What precautions can be taken to minimise this risk? To begin with, and obvious though it may sound, avoid using free public Wi-Fi. One way of doing this is to use your smartphone’s network. It may cost a bit more – particularly if you are abroad – but it could save you in the long run.

If you can’t do that, then treat all WiFi with suspicion. Possibly the greatest risk is not, as is often feared, the encryption or data but lack of verification that a hotspot is genuine. If possible, try to verify that any wireless connections are legitimate. Sometimes malicious users set up a connection name that is similar to that of the café or hotel that provides free WiFi but it is advisable to speak to someone who works there to check the correct connection name and IP address.

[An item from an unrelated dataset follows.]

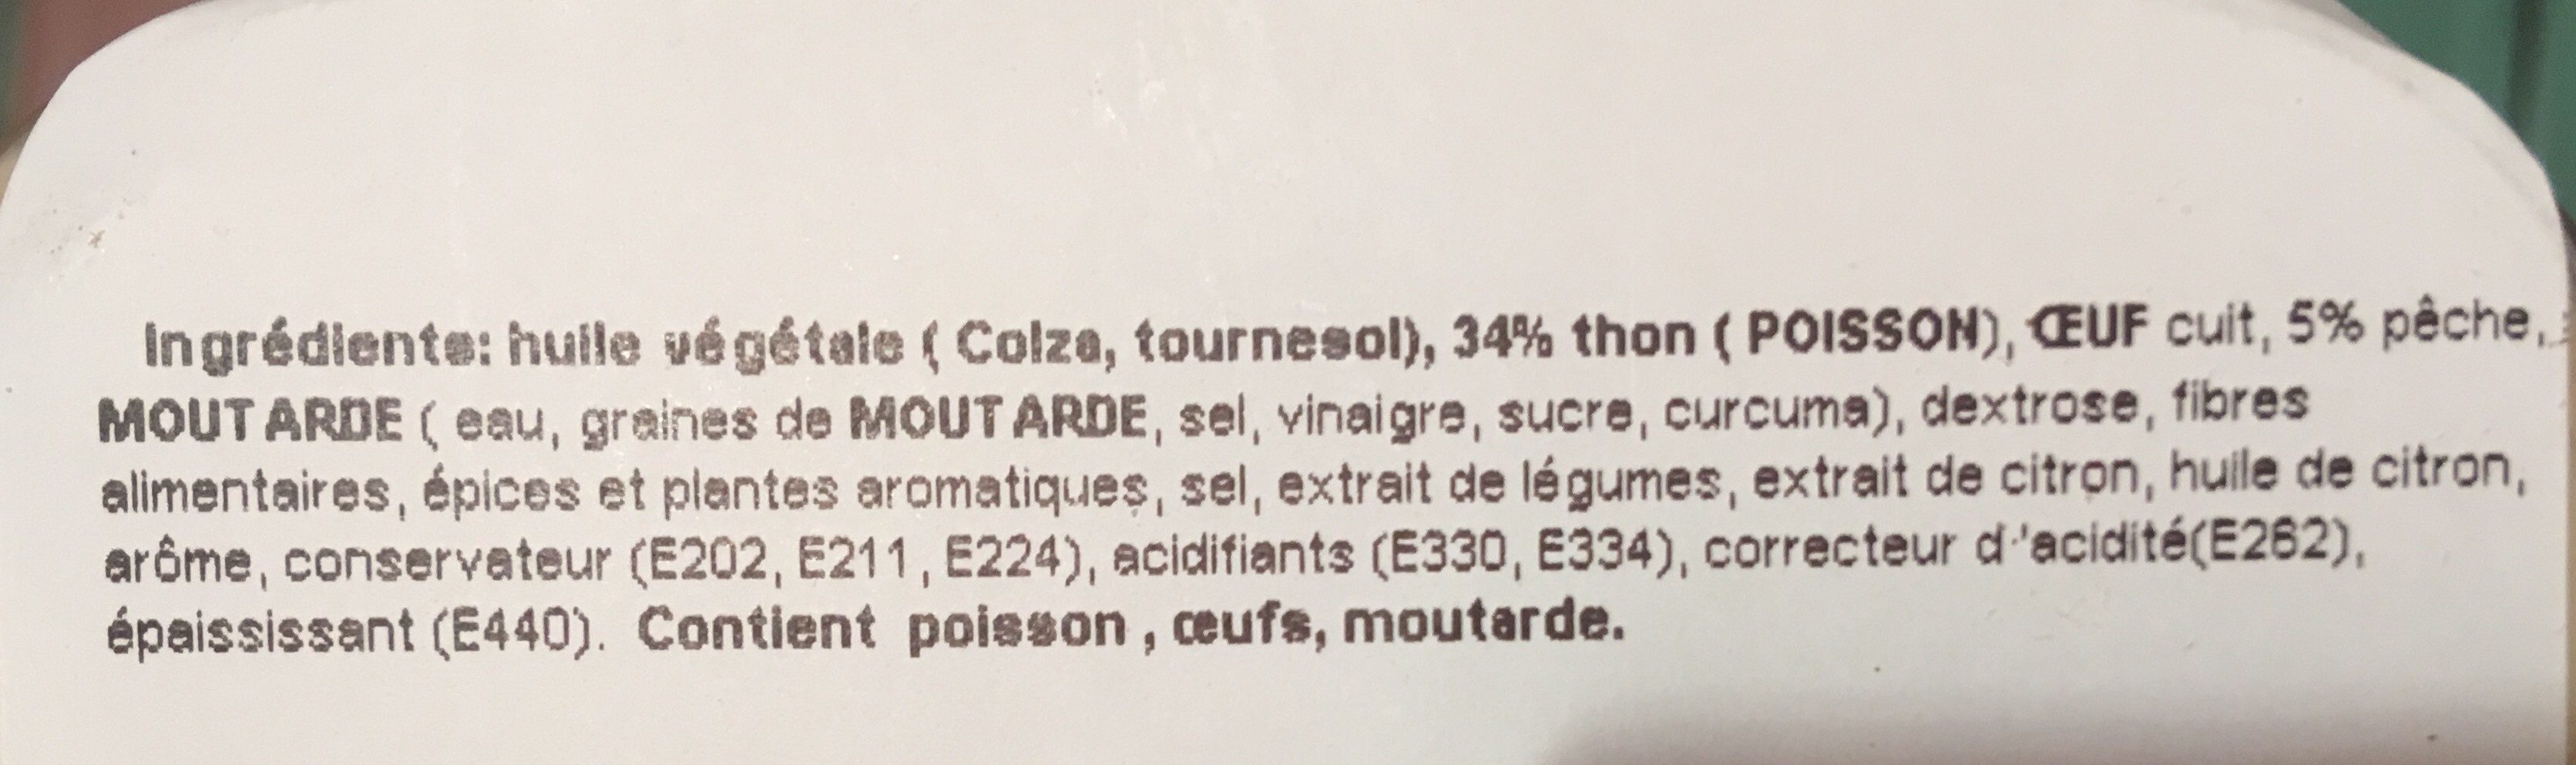 Salade au thon - Ingrediënten - fr

Using a virtual private network (VPN) will effectively provide you with a means of encrypting your data as it passes through the network. It will usually cost a bit more and performance will be slower but is still less expensive than using mobile data roaming in most cases. Accessing websites using encrypted HTTPS SSL, which is now offered on many services that exchange e-commerce data or login, is also a wise precaution as is anti-malware and security software for your device.

Two-factor authentication is a good idea for any computer user but has added benefits for those using an open WiFi hotspot. For example, Google offers two-step verification on all user accounts which means that in the unlikely event that a password or username is intercepted, hackers will still need to go through an added step to break into the account.

At the risk of repetition, however, it is important to emphasise that the greatest risk in using free public WiFi is that a malicious or ‘evil twin’ hotspot can be set up to carry out spoofing attacks that manipulate DNS to feed the user authentic-looking login screens. Troels Oertig, head of Europol’s cybercrime centre, has said (in a BBC interview) that people should only send personal data across networks they trust. Authentication and trust are therefore key.

And if the ‘ethical experiment’ proves anything it is that you can’t even trust a seven-year-old.